Google has shown it is a company for the people after releasing Android Orea Go Edition, a slimmed down version of its latest OS, better suited for phones on the lower end of the market.

The OS is designed for devices 512 MB to 1 GB of memory, which wouldn’t normal be able to handle the requirements of the OS without freaking out. Just to put things into perspective, most flagship phones have 4 GB of memory, while the iPhone X have 3 GB and the Samsung Galaxy Note 8 has 8 GB.

“To make sure billions more people can get access to computing, it’s important that entry-level devices are fully functioning smartphones that can browse the web and use apps,” Sagar Kamdar, Director of Product Management for Android.

“At Google I/O this year, we gave an early look at a project we called ‘Android Go’ to make this possible. We’re excited to announce that this software experience – Android Oreo (Go edition) – is ready, and launching as a part of the Android 8.1 release tomorrow.”

The idea behind this OS is simple; make an OS which works in markets where lower-end phones are more common. If Google didn’t produce the Go Version, there would be a couple of hundred million customers who probably wouldn’t use Android, as the features would be too high spec for the devices. That is lost advertising revenues from a couple of hundred million people, which doesn’t fly for Googlers.

One of the big focus areas here is surrounding the apps. Once you have the OS and the preinstalled apps on entry-level phones there is often little remaining space for anything else, such as music or games. Google has said it has optimized the preinstalled Google apps to take up 50% less space. There are also features which allow the user to determine which apps use data while idle.

Some of the new apps include Google Assistant Go, YouTube Go, Google Maps Go, Gmail Go, Gboard, Google Play, Chrome, and the new Files Go app, The Files Go app is a new data management tool which helps by removing spam, duplicate images or unused apps from devices.

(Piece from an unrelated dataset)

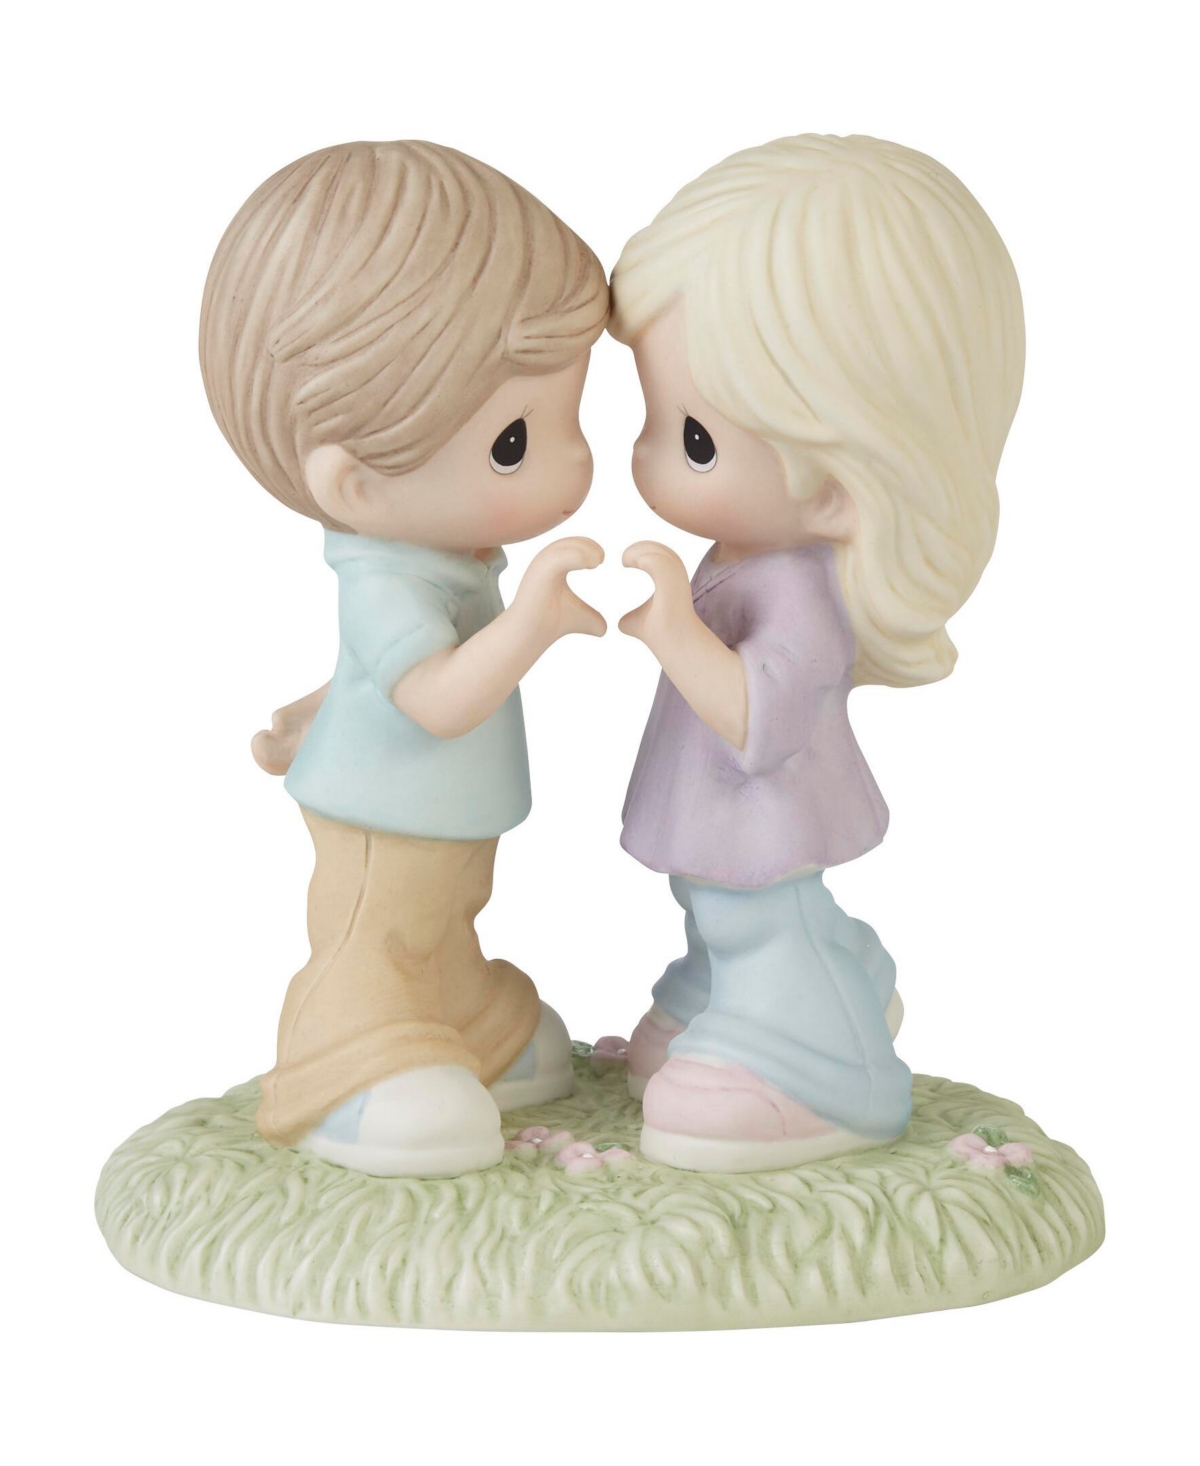 Precious Moments Love Will Keep Us Together Bisque Porcelain Figurine In Multicolored

While users in the Western markets are unlikely ever to directly experience such features, it’s a very useful move for the Googlers in the developing areas. Year-on-year profit growth has started to level off for the internet giant, though this is primarily due to success; there is only so much revenue which can be realized of one user. To continue staggering growth, Google will have to look to new markets, but also create localized products for these markets. That is the basis of the Go Edition.

Another interesting localized product is ‘two-wheeler mode’ in Google Maps, which has been launched in India. India is the largest two-wheeler market in the world, and the millions of motorcycle and scooter riders have different navigation needs than drivers of cars. This new feature of Google Maps shows routes not accessible to cars and trucks, customized traffic and arrival time estimations.

Right now, two-wheeler mode is only available in India, but there will be plenty of markets around South-East Asia which would be suitable for it as well. And we’re sure there will be a criminal underbelly in some Western markets which could find it useful also.